Başbakanlık çalışma ofisinin Beşiktaş’a gelmesiyle, ofisin hemen yanındaki Beşiktaş İskelesi yanındaki çay bahçesi ve otobüs durağı kaldırılmış, bu bölge ve Barbaros Meydanı Atatürk Kültür Merkezi’ne benzer bir şekilde polislerin beklediği bir karakol haline gelmiştir. Hayatlarımızınve yaşam alanlarımızın her yerine saldırı vardır.
Her Yere Otopark!
Afet Kullanım Alanı olarak belirlenen Mısırlıbahçe Parkı tehdit altında!
İBB’nin 2014’te hazırladığı Beşiktaş İlçesi Hizmet ve Yatırımlar dosyasında Beşiktaş için 30 yeni otopark daha yapmayı planladıkları açıklandı. Bu otoparklar büyük oranda gündüz nüfusuna hizmet etmesi için planlanmakta ve bu da araç yoğunluğunun artması anlamına gelmektedir.

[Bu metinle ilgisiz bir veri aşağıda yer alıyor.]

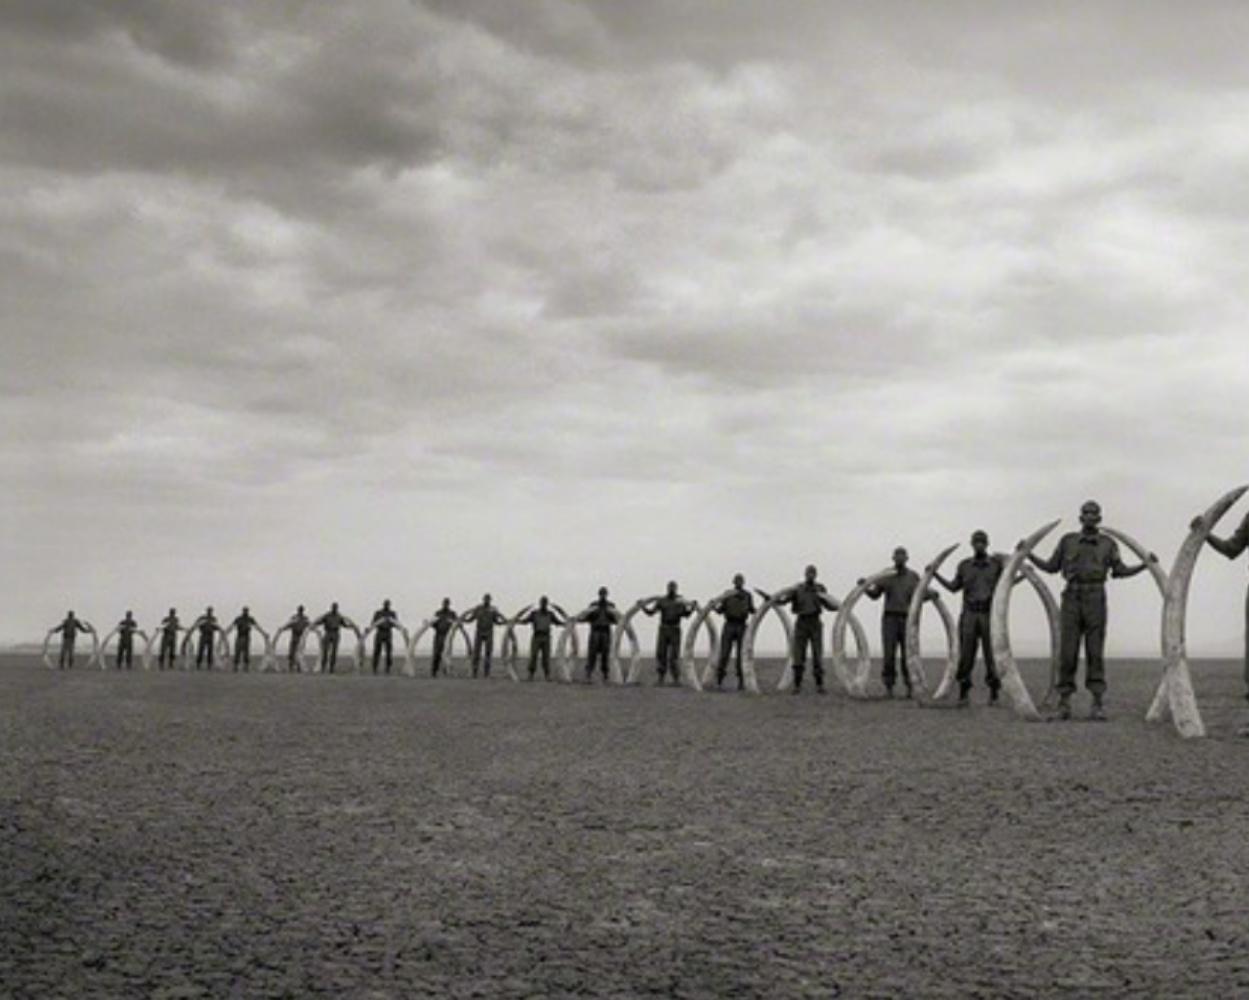 Rangers (Line Of) With Tusks Of Killed – Nick Brandt, Africa, Animal, Elephant 3

Açıklanan listedeki otoparkların bir çoğunun yeraltı otoparkı olması dikkatleri çekiyor. Geçmişte Abbasağa Parkı’nın da otopark yapılması yani yapılaşma tehtidi gündeme gelmiş, fakat Beşiktaş Halkı’nın direnişiyle engellenmişti. Mısırlıbahçe Zeminaltı Katlı Otopark projesi de yeni listede yer alıyor.
Türkali Mahallesi, Mısırlıbahçe Sokak’ta bulunan ve planlarda yeşil alan olarak görülen 2358 m² büyüklüğündeki Mısırlıbahçe Parkı, 2010 yılından beri otopark haline dönüştürülmeye çalışılıyor. Daha önce bostan olan parkta 65 adet çeşitli türde yetişkin ağaç bulunmakta ve aynı zamanda Beşiktaş Belediyesi’nin hazırladığı Afet Kullanım Kılavuzunda da Türkali Mahallesi’nin 3 afet toplanma alanından birisi olarak belirlenmiştir.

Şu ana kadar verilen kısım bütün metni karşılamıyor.